The addStatistics method:

  • Gets all the individual statistics for each category
  • Sorts them by name
  • Adds each statistic to the builder
private void addStatistics(StringBuilder builder, Statistics statistics) {
// Add statistics header
 StatisticsType type = statistics.getType();
addStatisticsHeader(builder, statistics, type);
// Add statistics
 Arrays.stream(type.getStatistics())
.sorted(Comparator.comparing(StatisticDescriptor::getName))
.forEach(statisticDescriptor -> addStatistic(builder, statistics, statisticDescriptor));
builder.append("n");
}

The addStatistic method adds each statistic name and value to the builder.

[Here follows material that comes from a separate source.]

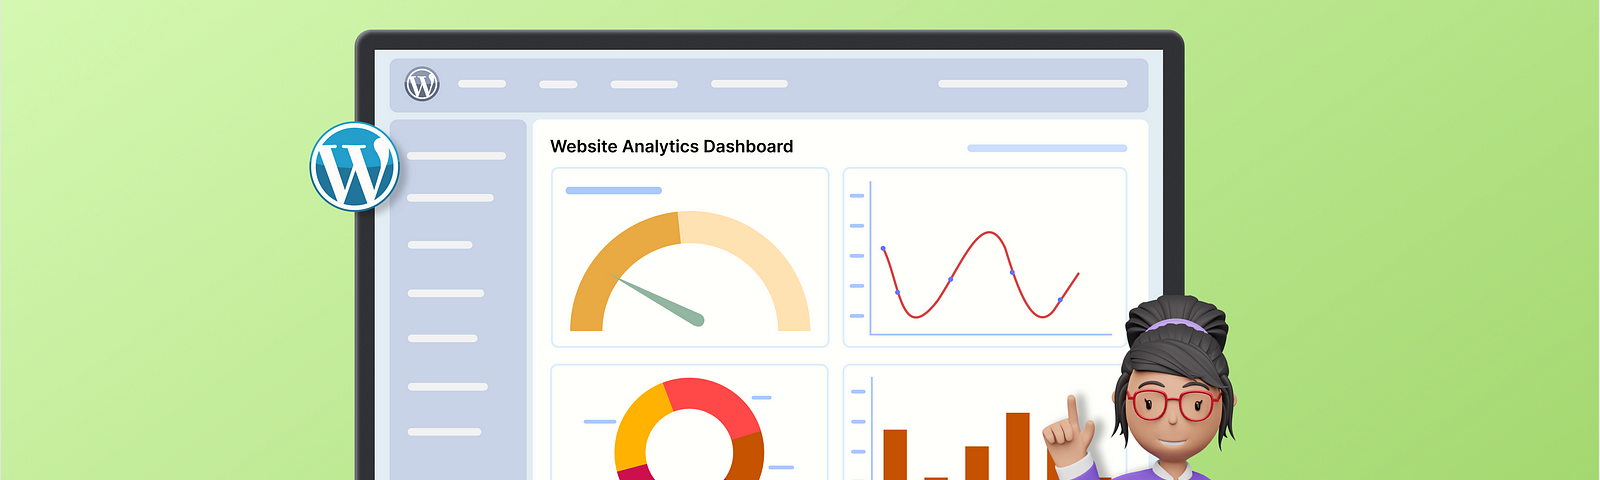 Harnessing The Power of Embedded Dashboards in WordPress Sites

private void addStatistic(StringBuilder builder, Statistics statistics, StatisticDescriptor descriptor) {
builder
.append("nt")
.append(descriptor.getName())
.append("=")
.append(NumberFormat.getInstance().format(statistics.get(descriptor.getName())))
.append(" ")
.append(descriptor.getUnit());
}

A truncated example is shown below.

CachePerfStats.RegionStats-partition-Trade statistics:
creates=6,732 operations
entries=6,732 entries
updates=3,353 operations
CacheServerStats.192.168.1.17-0.0.0.0/0.0.0.0:57999 statistics:
currentClientConnections=1 sockets
currentClients=1 clients
putRequests=3,427 operations
putResponses=3,427 operations
receivedBytes=3,917,529 bytes
sentBytes=229,793 bytes
DistributionStats.distributionStats statistics:
processedMessages=8,276 messages
receivedBytes=4,515,304 bytes
receivedMessages=8,276 messages
replyWaitsCompleted=4,070 operations
sentBytes=31,715,422 bytes
sentMessages=10,386 messages
FunctionStatistics.GetStatisticValueFunction statistics:
functionExecutionCalls=2 operations
functionExecutionsCompleted=2 operations
FunctionStatistics.LogAllStatisticValuesFunction statistics:
functionExecutionCalls=5 operations
functionExecutionsCompleted=4 operations
PartitionedRegionStats./Trade statistics:
bucketCount=76 buckets
dataStoreBytesInUse=7,357,150 bytes
dataStoreEntryCount=6,732 entries
primaryBucketCount=38 buckets
putsCompleted=3,427 operations
StatSampler.statSampler statistics:
delayDuration=999 milliseconds
VMGCStats.ParNew statistics:
collectionTime=283 milliseconds
collections=2 operations
VMGCStats.ConcurrentMarkSweep statistics:
collectionTime=4,527 milliseconds
collections=3 operations
VMMemoryPoolStats.CMS Old Gen-Heap memory statistics:
currentMaxMemory=724,828,160 bytes
currentUsedMemory=21,330,872 bytes
VMStats.vmStats statistics:
cpus=4 cpus
freeMemory=924,641,576 bytes
maxMemory=1,038,876,672 bytes
threads=72 threads
totalMemory=1,038,876,672 bytes

Conclusion

This article has shown several ways to display both current and historical statistics.